§ **Work required**
Everything in the listing should be transcribed exactly, apart from the pictures.

*** Data shown ***

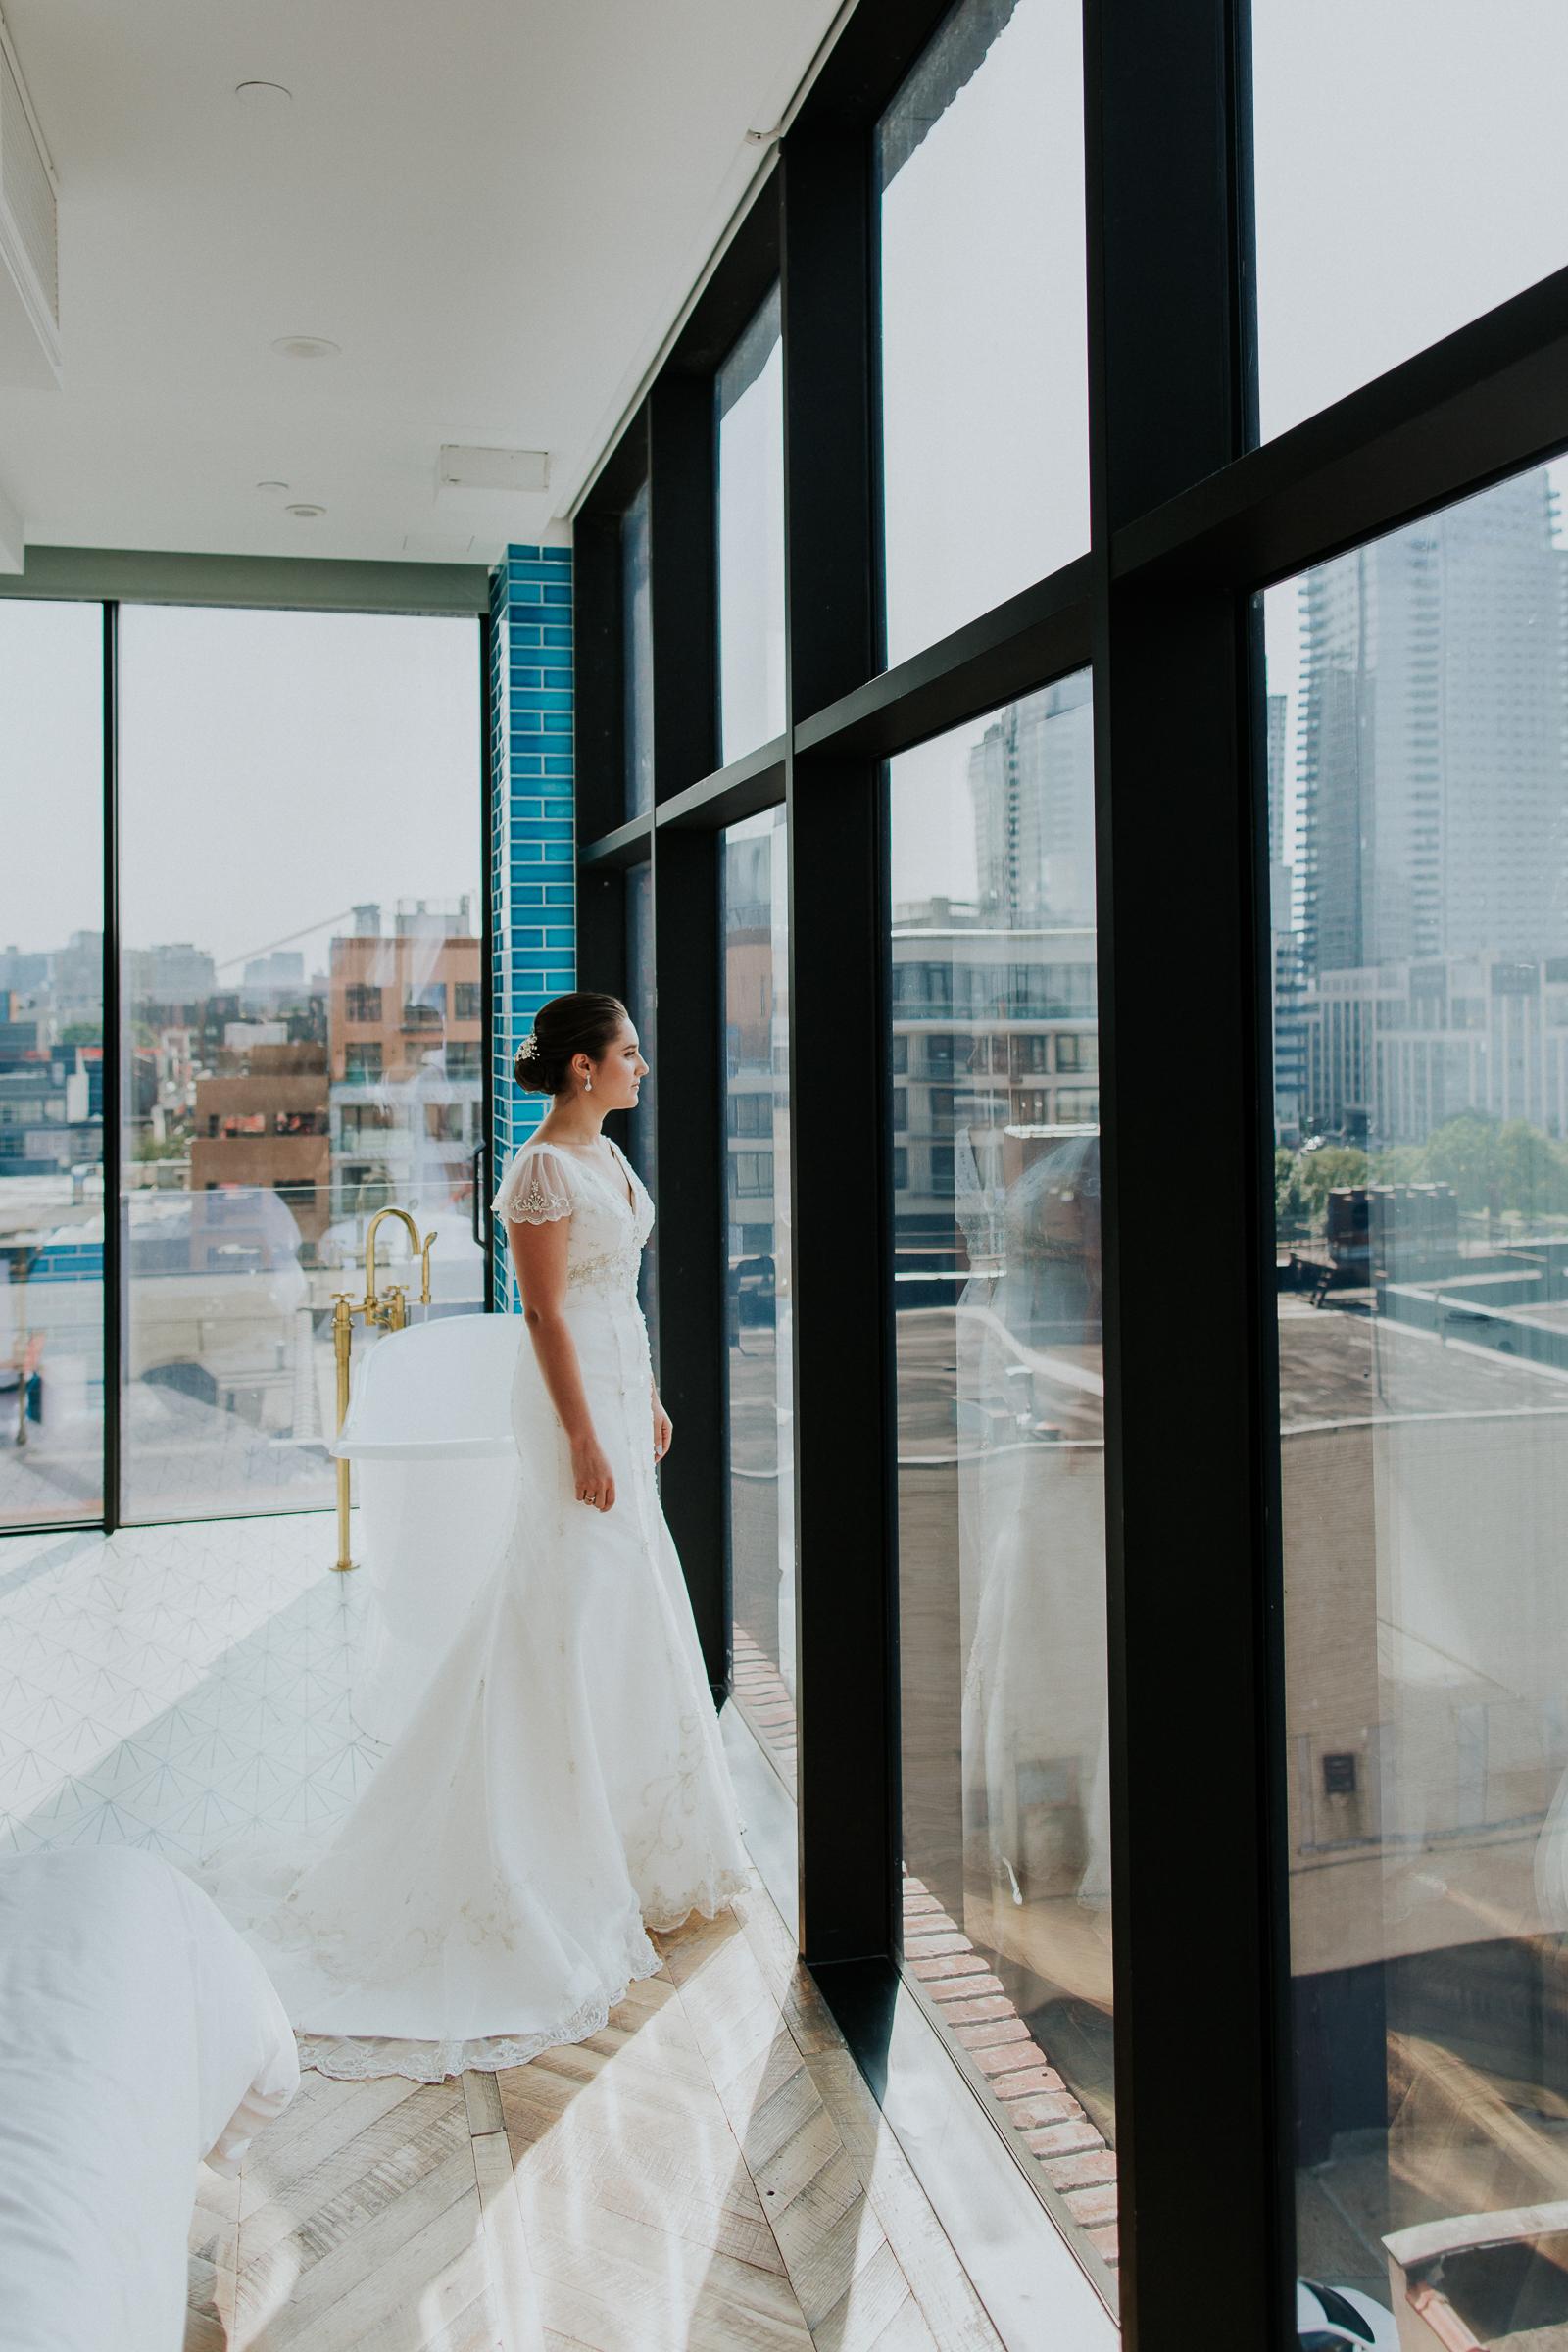 Brooklyn-Winery-NYC-Editorial-Documentary-Wedding-Photographer-Gina-Oli-16.jpg
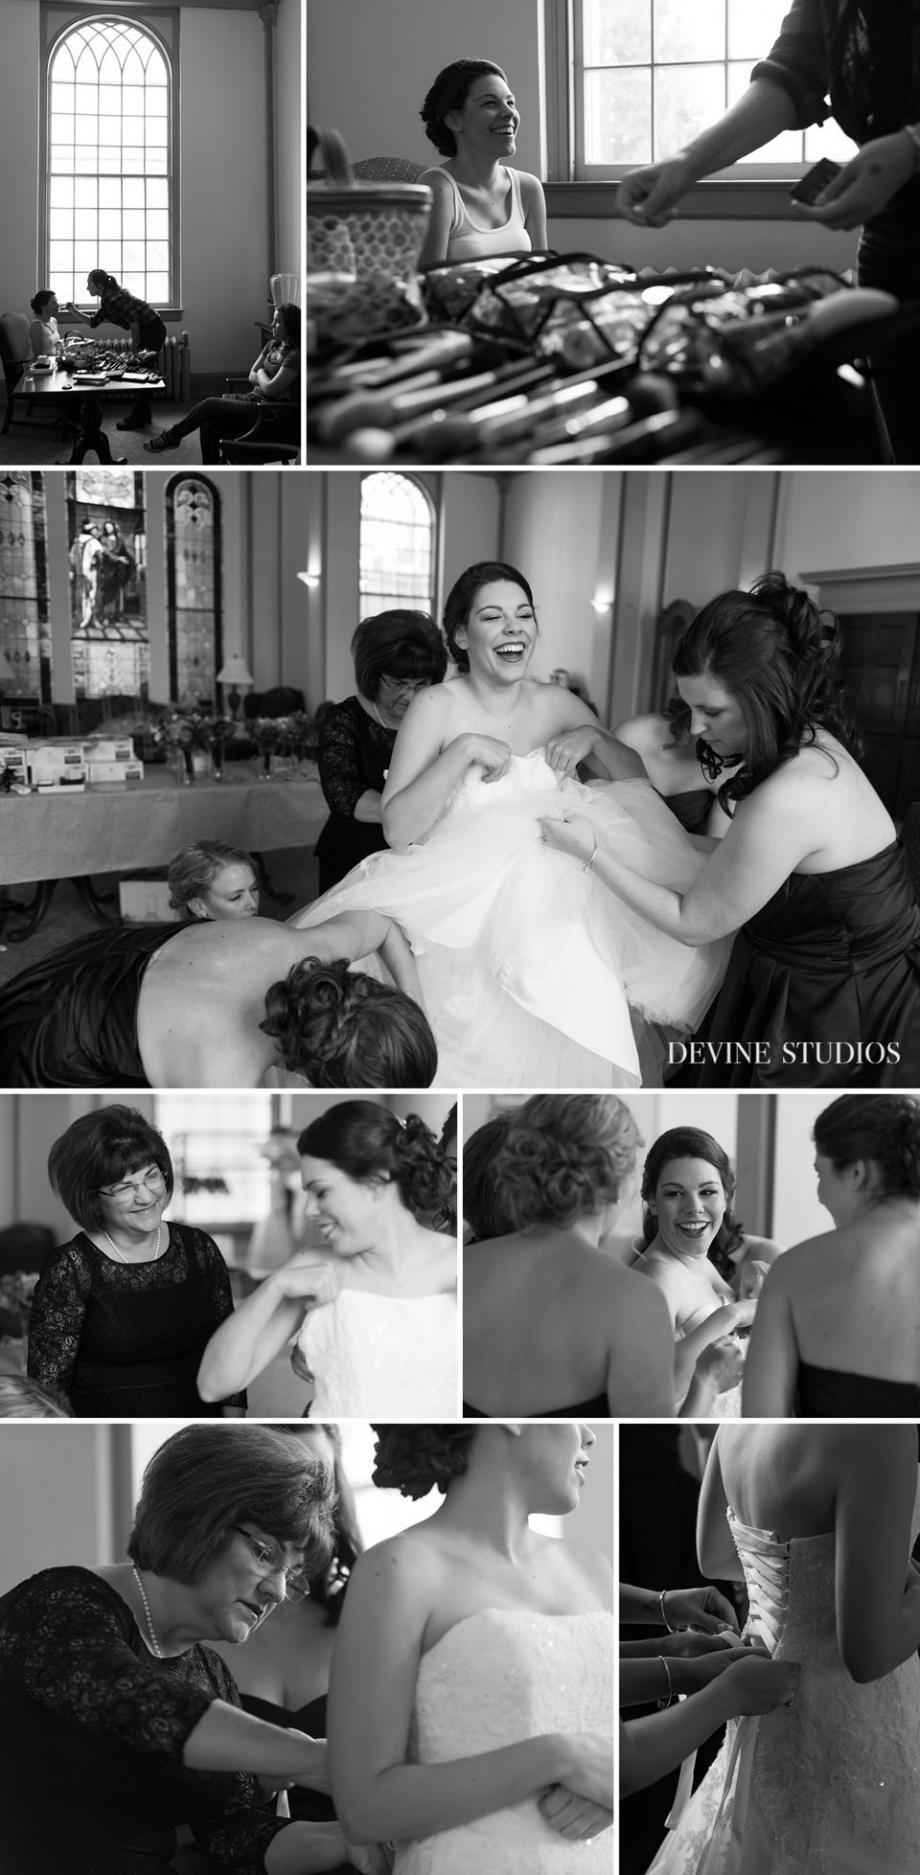 St. Joseph-Wedding-Photography-Kansas City-Photographers-Devine Studios 2
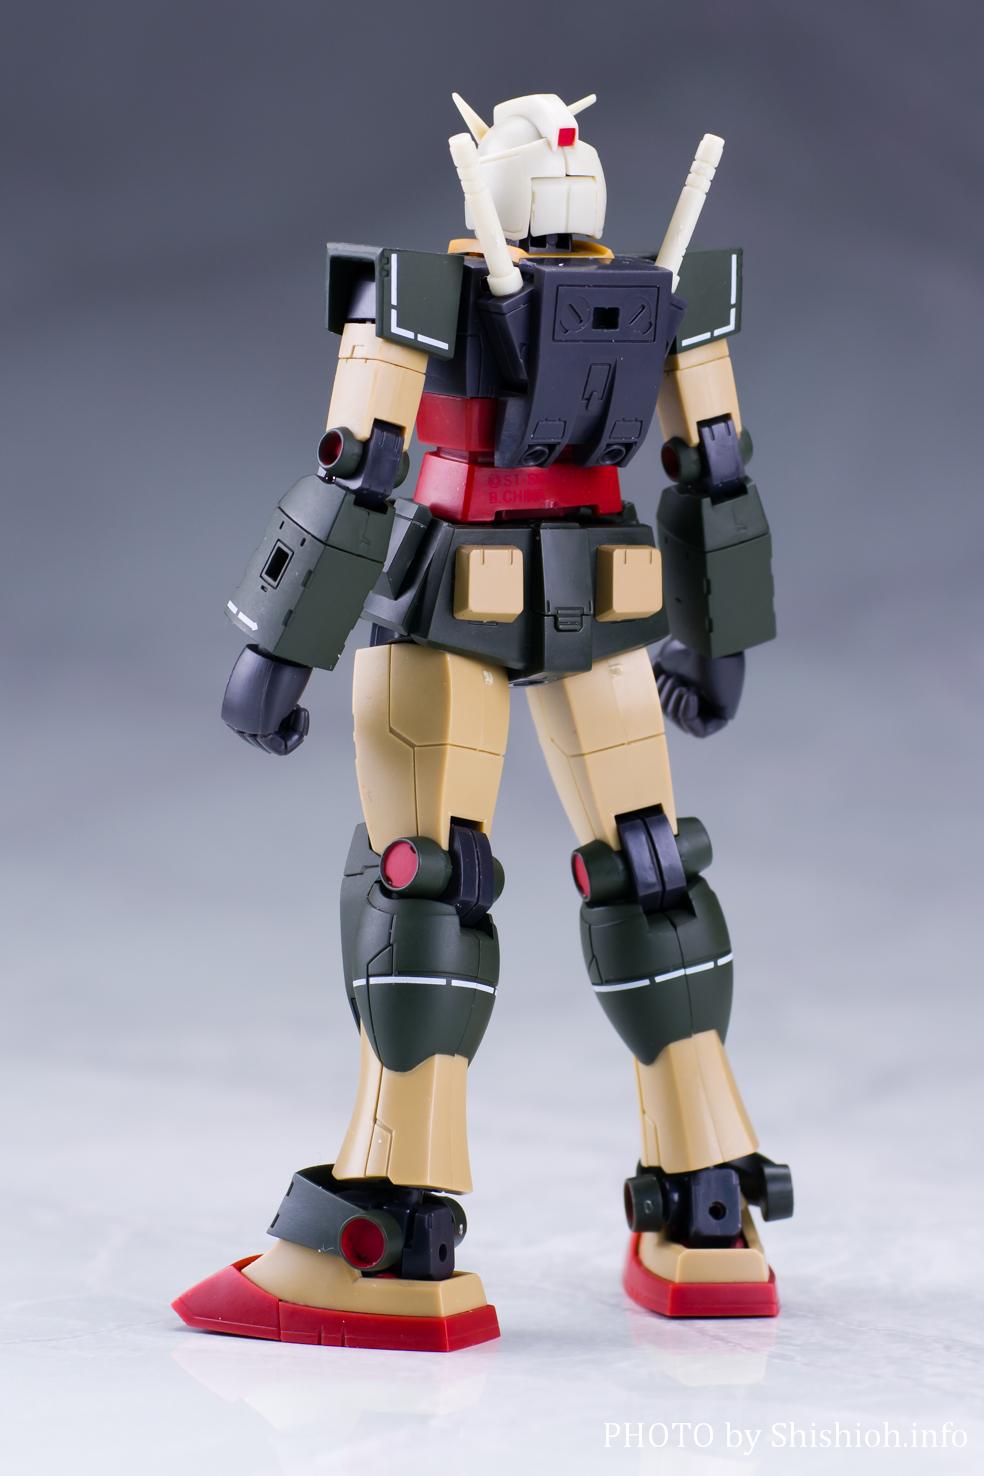 ROBOT魂〈SIDE MS〉RX-78-2 ガンダム ver. A.N.I.M.E.〜劇場ポスター リアルタイプカラー〜

*** End of Data shown ***

§ **Answer below**
 Brooklyn-Winery-NYC-Editorial-Documentary-Wedding-Photographer-Gina-Oli-16.jpg
 St. Joseph-Wedding-Photography-Kansas City-Photographers-Devine Studios 2
 ROBOT魂〈SIDE MS〉RX-78-2 ガンダム ver. A.N.I.M.E.〜劇場ポスター リアルタイプカラー〜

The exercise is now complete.